*TASK INPUT:*
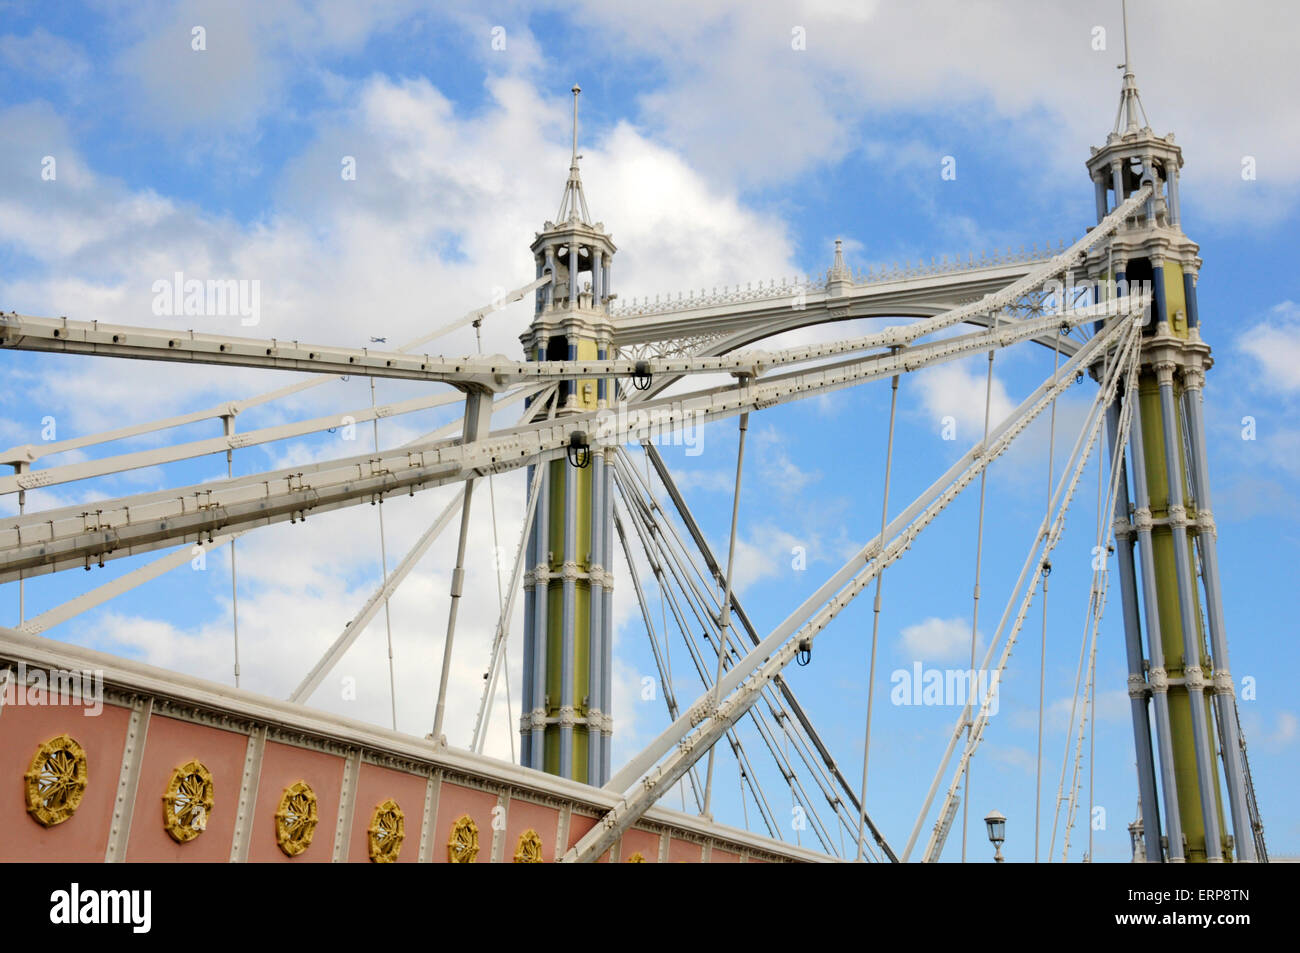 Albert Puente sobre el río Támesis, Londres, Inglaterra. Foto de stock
...
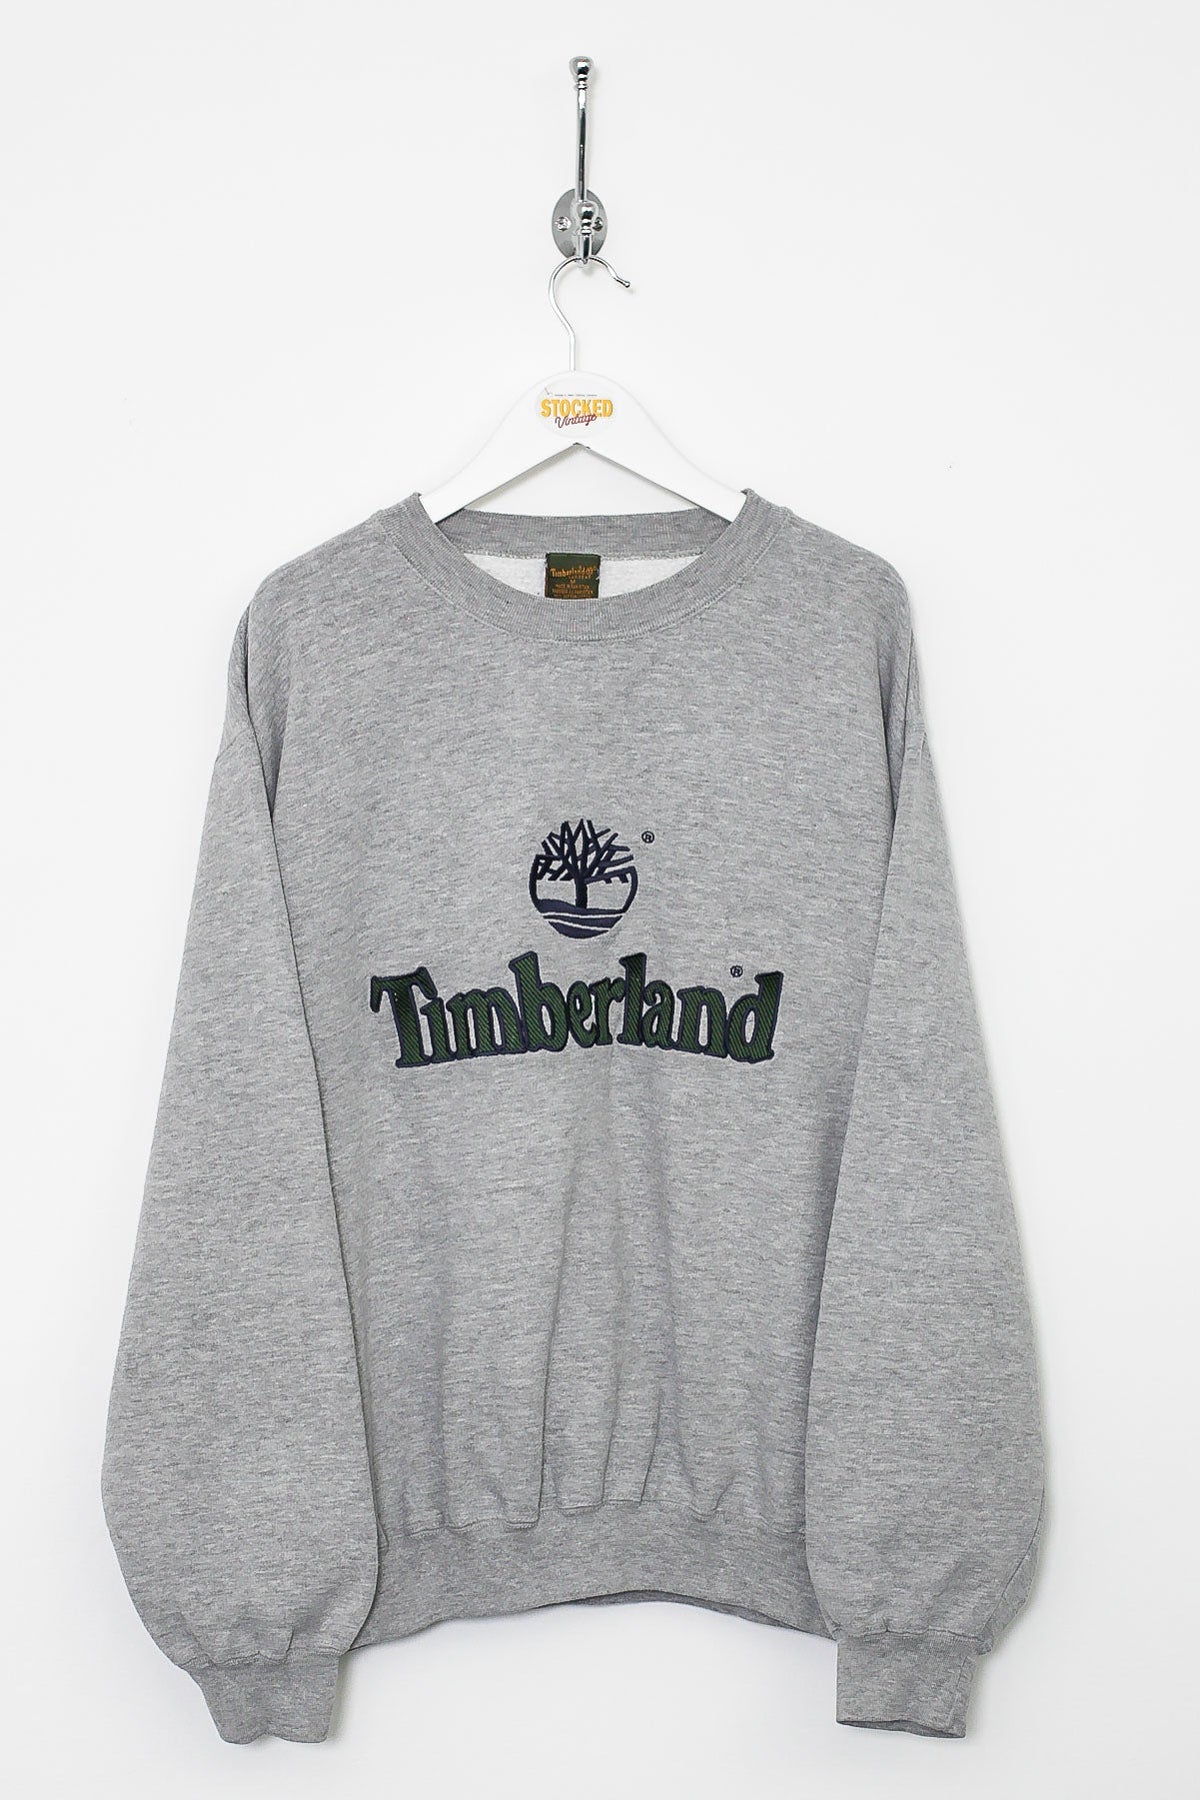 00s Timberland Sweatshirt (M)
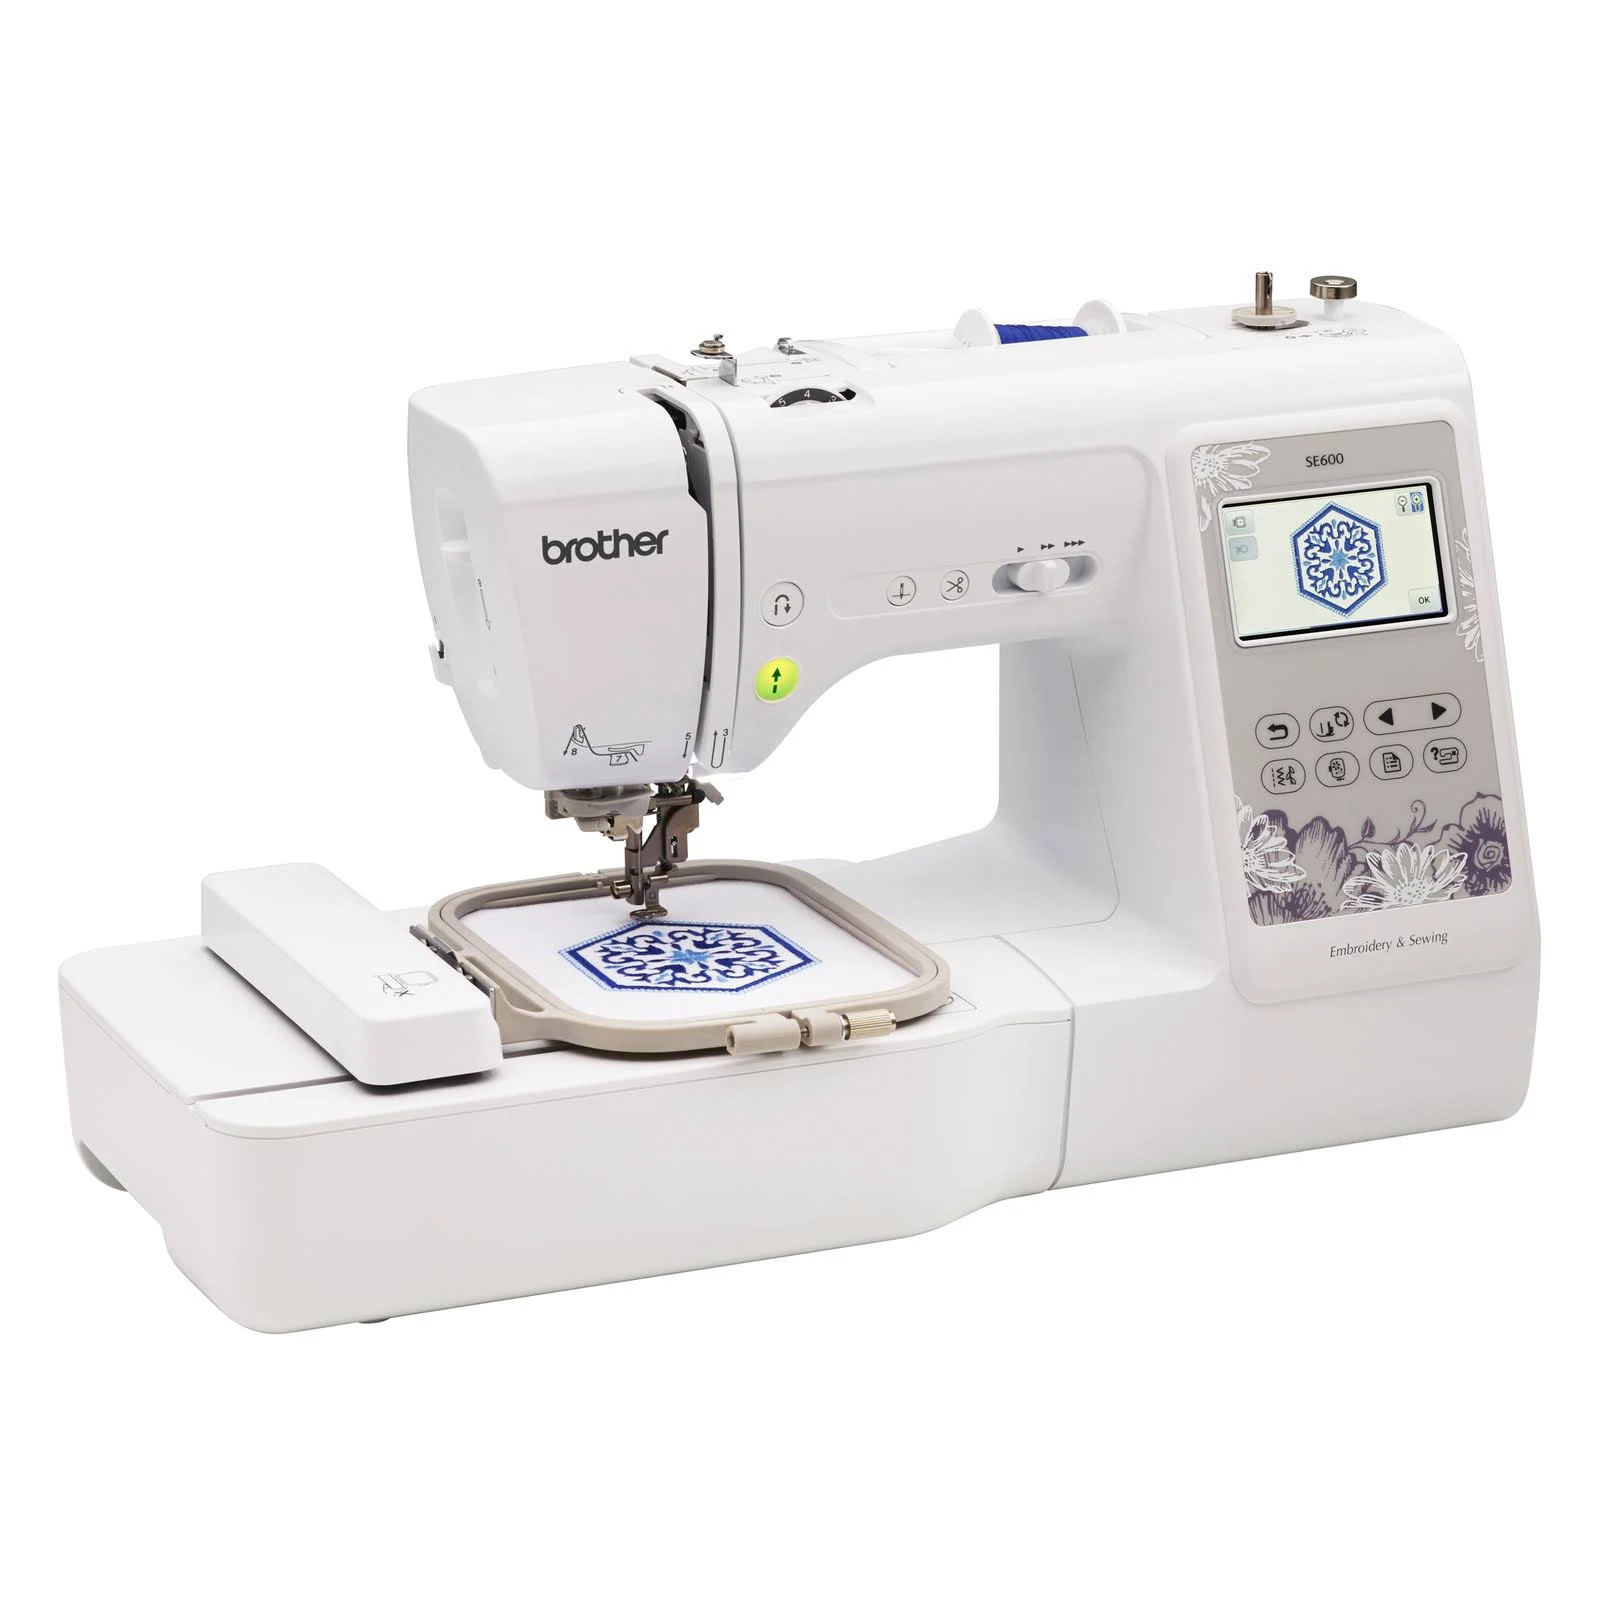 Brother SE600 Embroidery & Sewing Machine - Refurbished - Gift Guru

*TASK:* Given the entries above, transcribe exactly the lines from the one holding "00s Timberland Sweatshirt (M)" through the one holding "Brother SE600 Embroidery"; pictures do not belong in the transcription.

*ANSWER BELOW:*
 00s Timberland Sweatshirt (M)
 Brother SE600 Embroidery & Sewing Machine - Refurbished - Gift Guru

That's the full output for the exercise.